- Вот как? - суровость, как тень, стала сползать с лица Аннагельды-уста. - Это хорошо. Но зачем же - маленький надел? Все получают от количества ртов и рабочих рук.
- Ай, что дадут, за то спасибо скажем.
- Однако земля сама не родит, её обрабатывать надо, засевать.
- С божьей помощью, обработаем.
- За ручки омача держаться умеете?
- Омач видели, работать не приходилось, - откровенно сознался ходжам. - Научимся. Аллах не без милости,
- Если только на аллаха надеетесь, то вряд ли что у вас получится.
- Ай, немножко и сами поработаем. Сила есть ещё.
- Что ж, одобряю ваше решение. Но труд дайханина - очень тяжёлый труд, от зари до зари на поле. Не испугаетесь? - продолжал испытывать ходжама Аннагельды-уста, в глубине души сомневаясь в искренности намерений прирождённого дармоеда и лежебоки и очень желая, чтобы сомнения его оказались напрасными - радостно всё-таки, когда хоть один человек пополняет семью честных тружеников. - Не испугаетесь кровавых мозолей?
- Ничего, ага, - вздохнул ходжам, - и медведь говорит: "Дядя!", когда через мост переходит. Может, и испугаемся. А жить-то всё равно надо?
Тон, каким это было сказано, и особенно мягкая улыбка, которой сопроводил ходжам свои слова, убедительнее десятка любых других аргументов рассеяли колебания Аннагельды-уста. Он улыбнулся в ответ и уже по-деловому, как равный равному, задал ходжаму последний вопрос:
- С семенами как думаете обойтись?
- Будут семена, уста-ага, будут семена! - обрадованно зачастила Энекути.

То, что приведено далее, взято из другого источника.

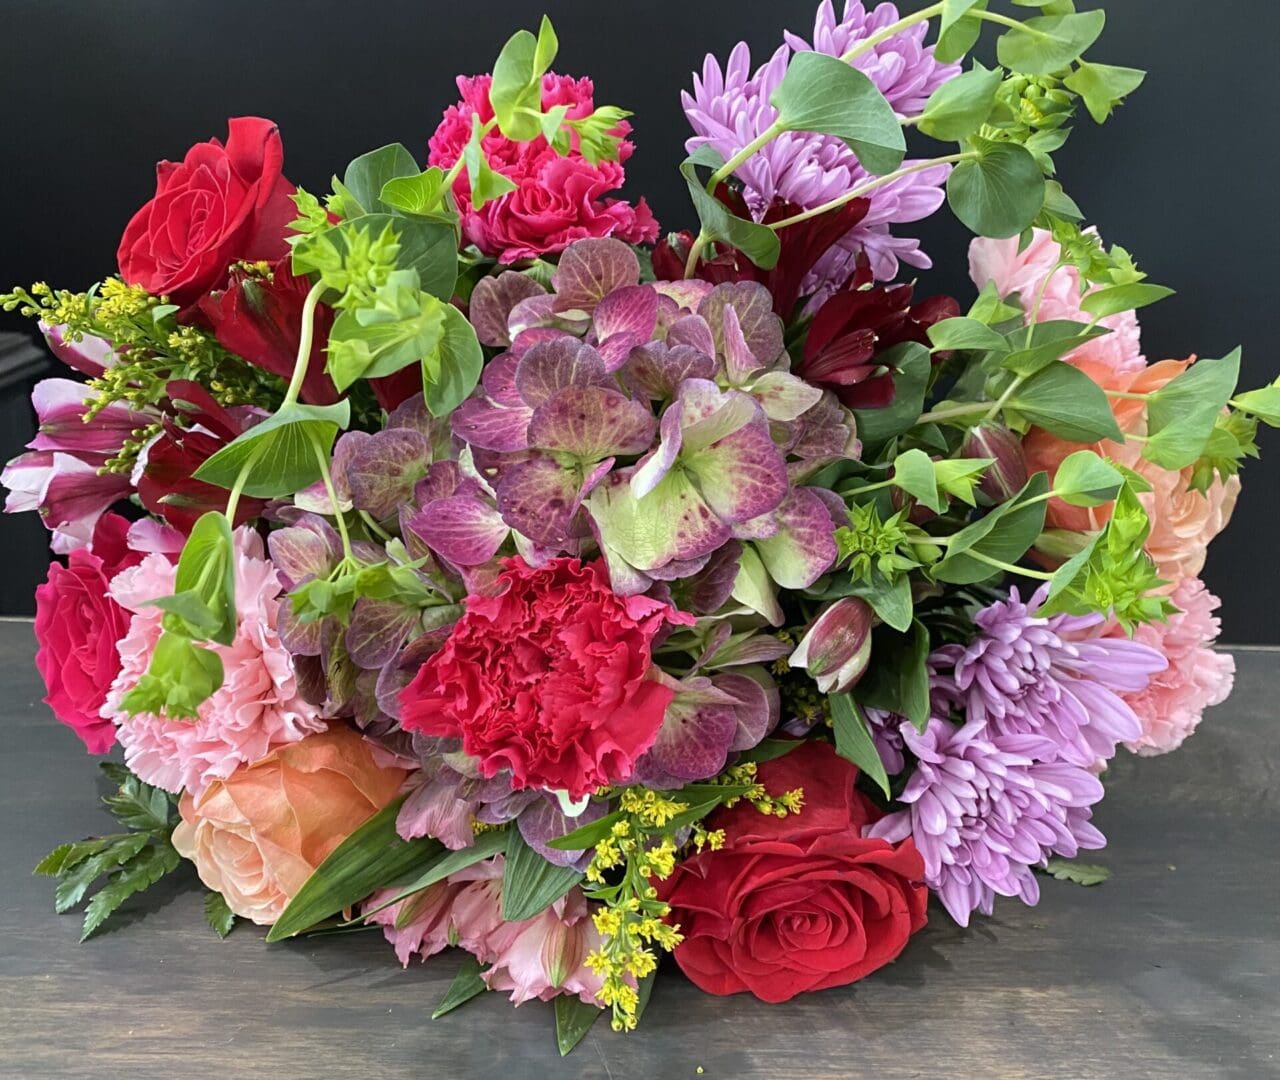 A bundle of purple and pink flowers of different types
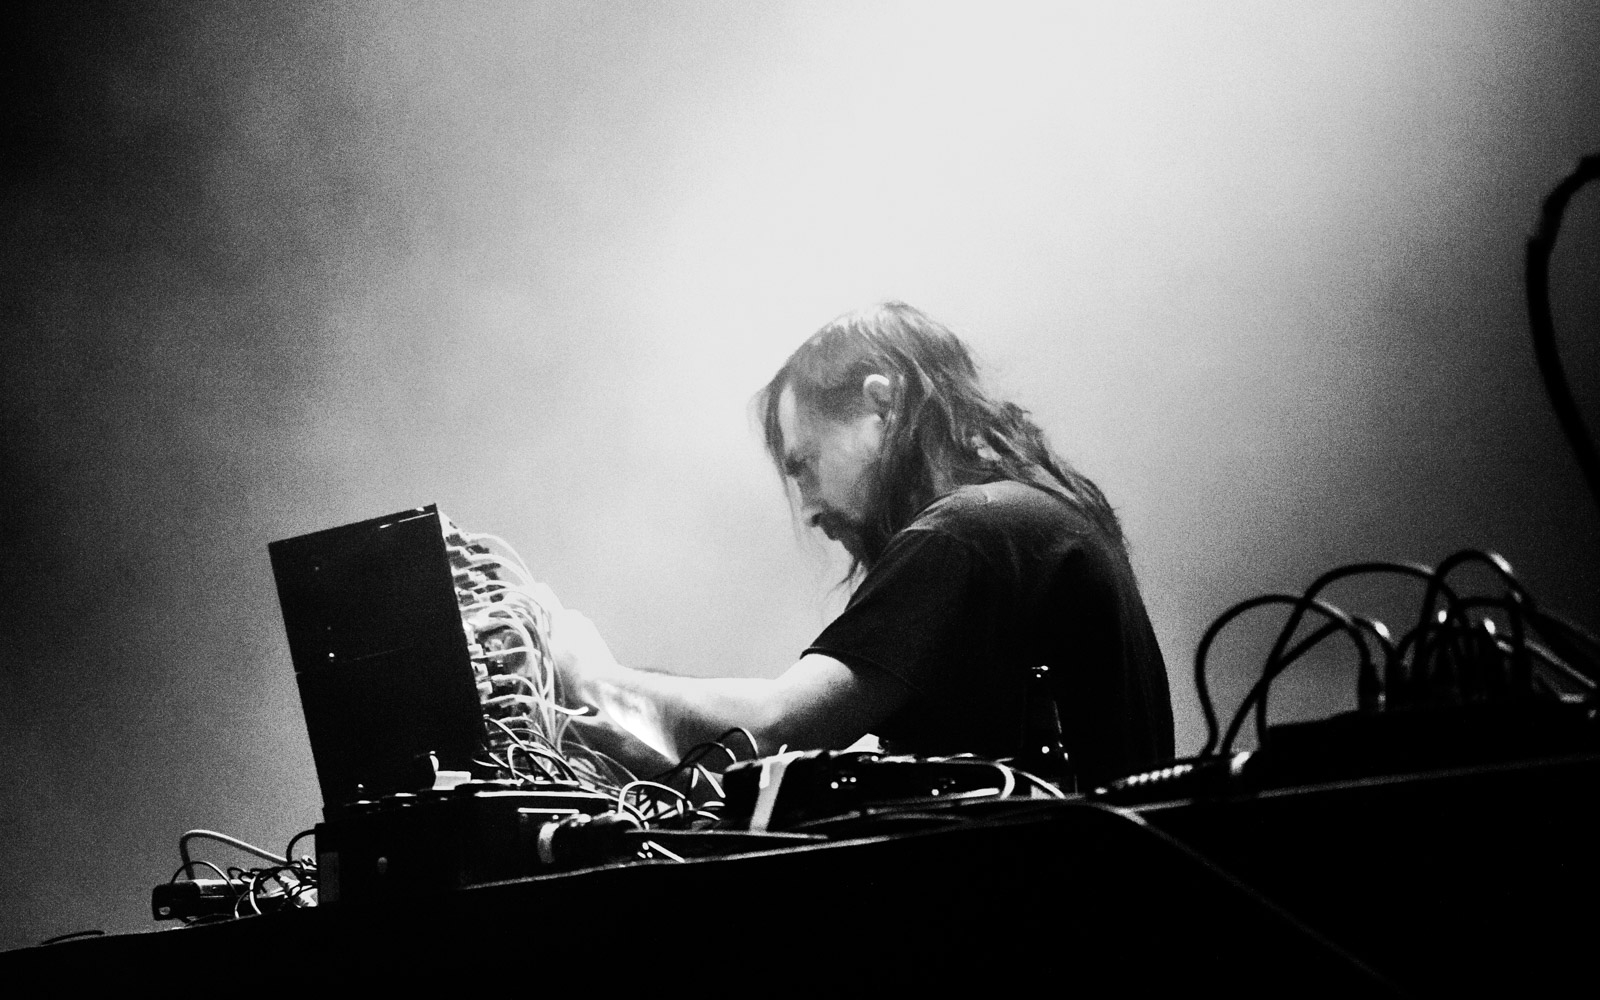 Russell Haswell

Во время разговора мужчин она переводила взгляд с одного на другого и то и дело порывалась вставить слово, но всякий раз благоразумно сдерживалась. То, что настала её очередь говорить, она определила безошибочно - ходжам ответить на вопрос старого мастера не смог бы.
- И семена будут, и омач, и бык! Всё будет, лишь бы нам дали клочок земли.
- Не пожалеешь растрясти свои заветные узелки, Кути-бай?
- Не пожалею, уста-ага, видит аллах, не пожалею! - заверила Аннагельды-уста Энекути.
- Я верю вам и сделаю всё, что в моих силах, - сказал старый мастер. - Считайте, что надел у вас есть.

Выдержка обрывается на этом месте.